--- SUPPLIED DATA Enclosed Below ---

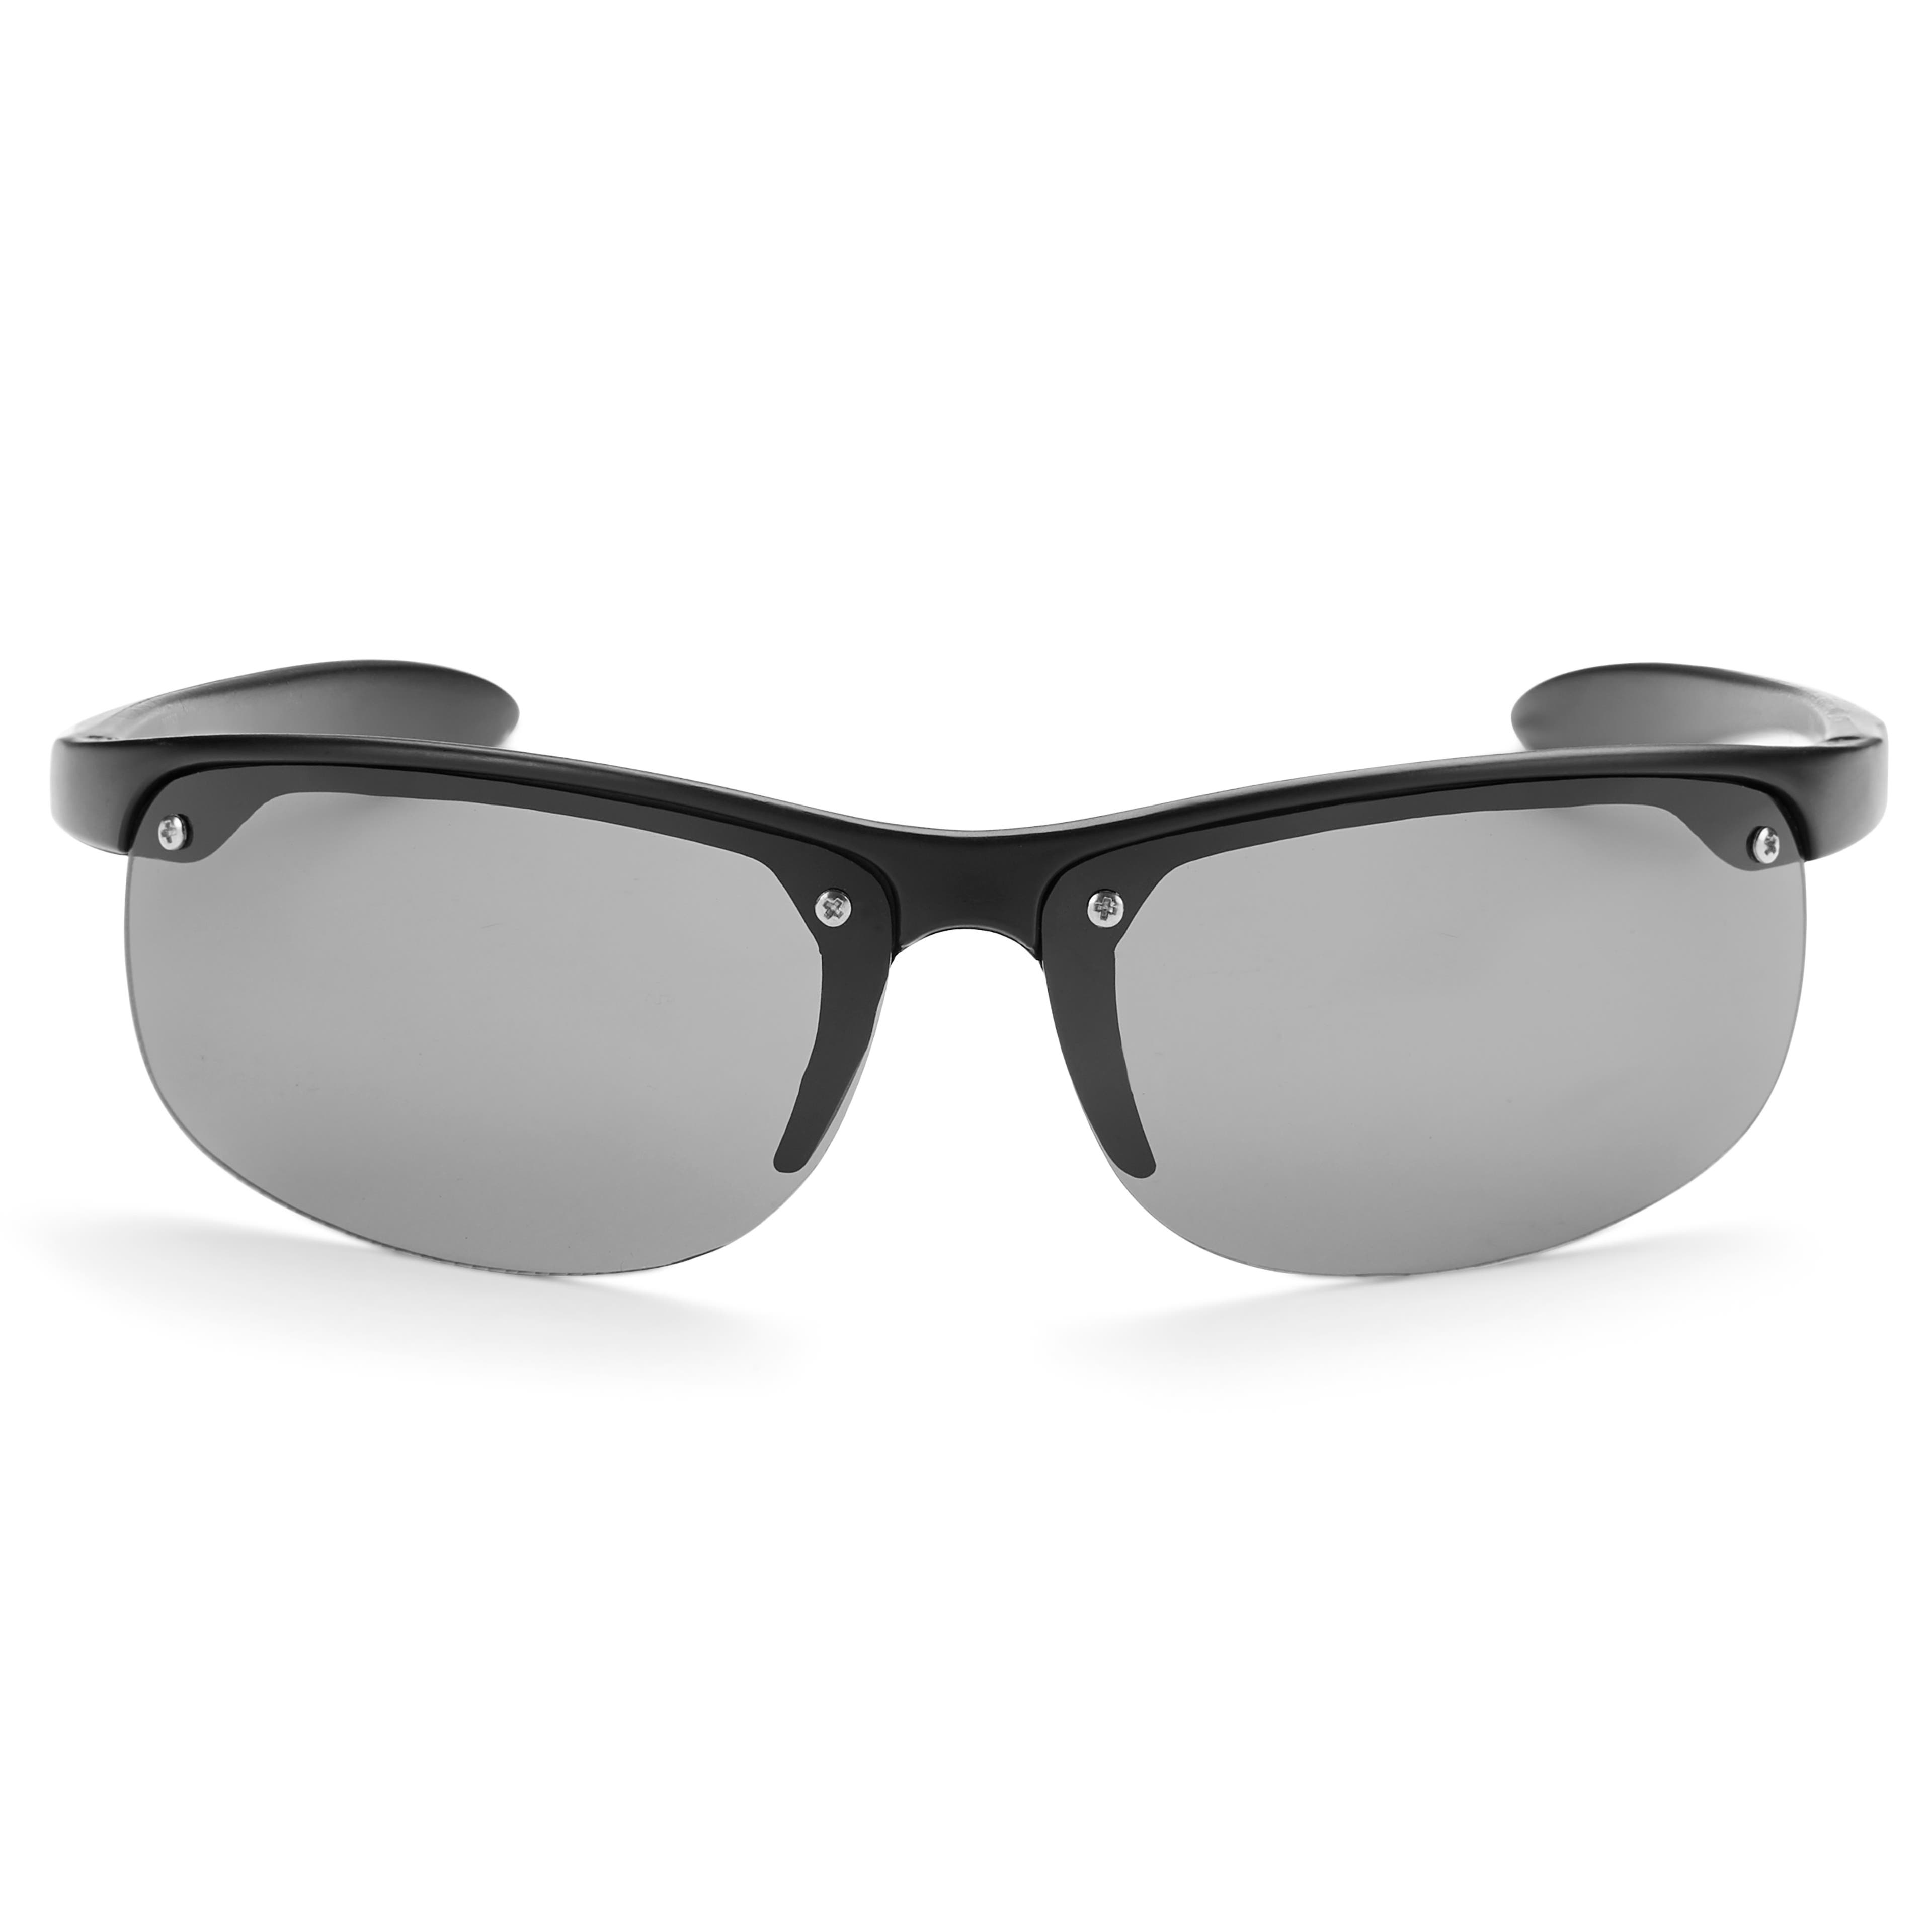 Black & Smoke Wraparound Sports Sunglasses, In stock!
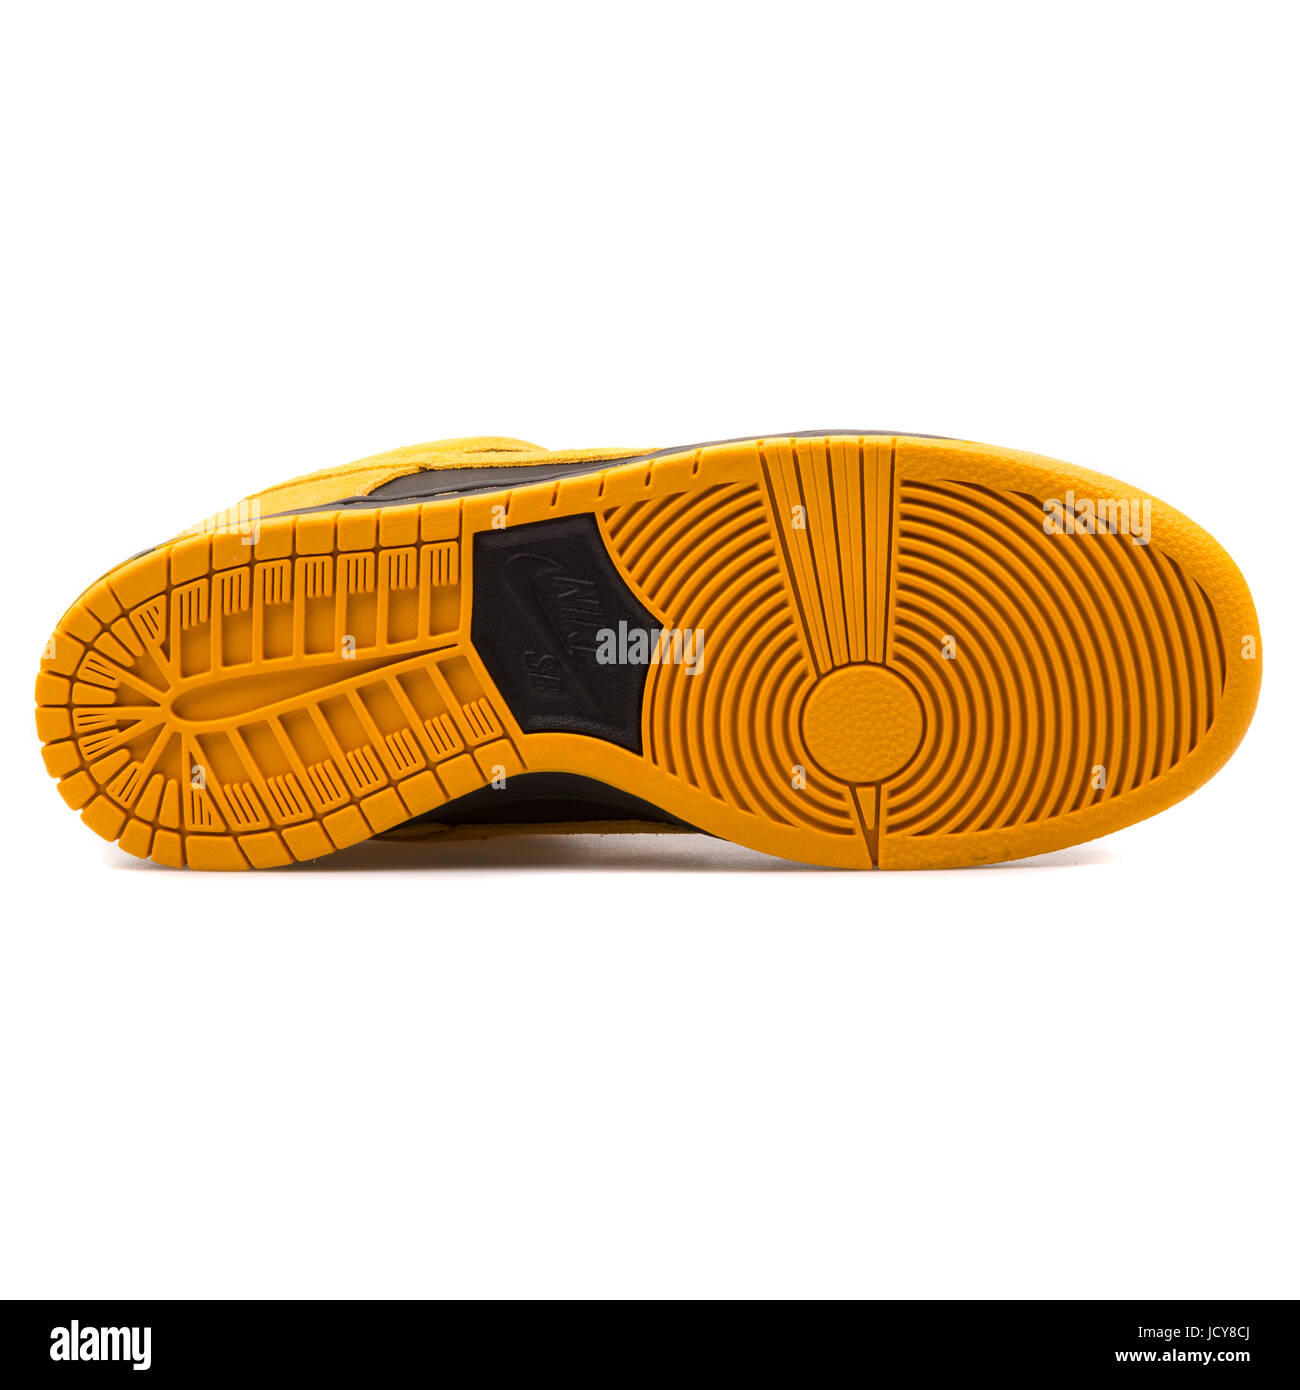 Nike Dunk Low Pro SB Gold Gelb und schwarz Herren Skateboarding Schuhe -  304292-706 Stockfotografie - Alamy
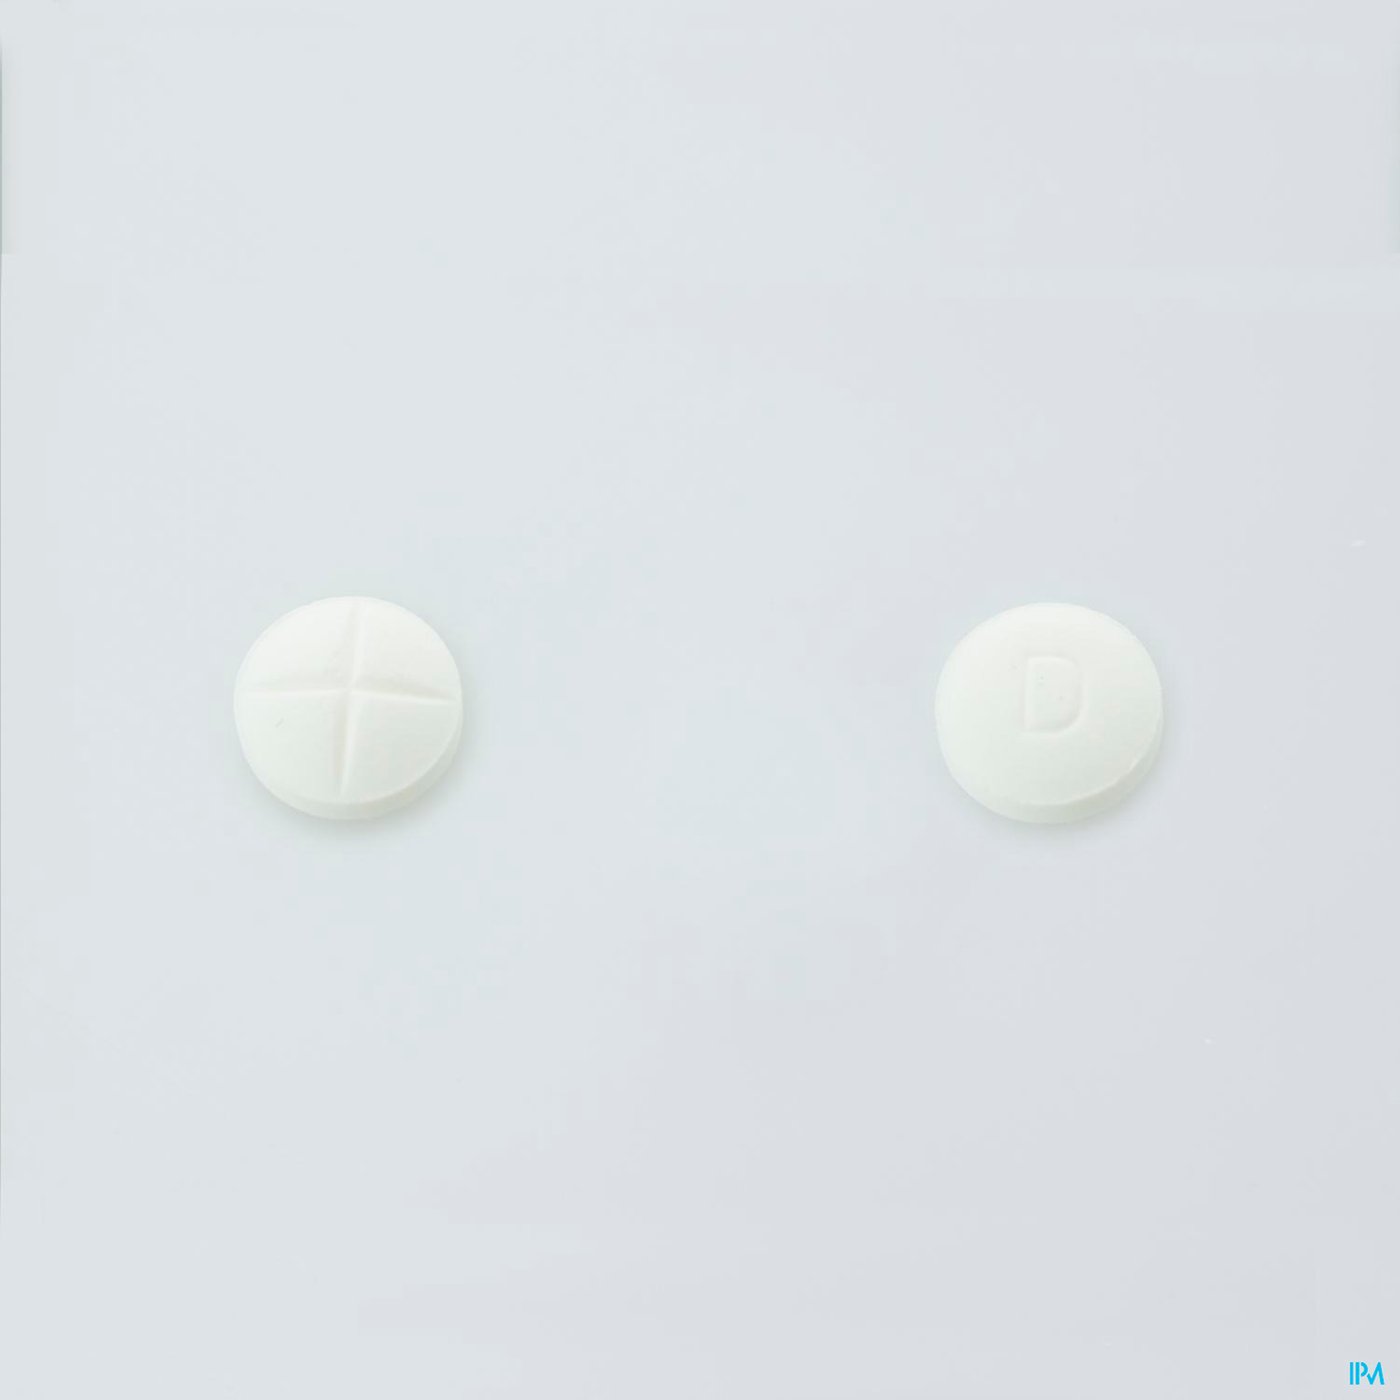 Diazepam Teva Comp 60x10mg pillshot

--- End of Enclosed SUPPLIED DATA ---

WORK INSTRUCTION> Once the pictures are set aside, what is needed is the lines from the line with "Nike Dunk Low" through the end of the data, written out exactly and alone.

OUTPUT FOR THIS TASK>
 Nike Dunk Low Pro SB Gold Gelb und schwarz Herren Skateboarding Schuhe -  304292-706 Stockfotografie - Alamy
 Diazepam Teva Comp 60x10mg pillshot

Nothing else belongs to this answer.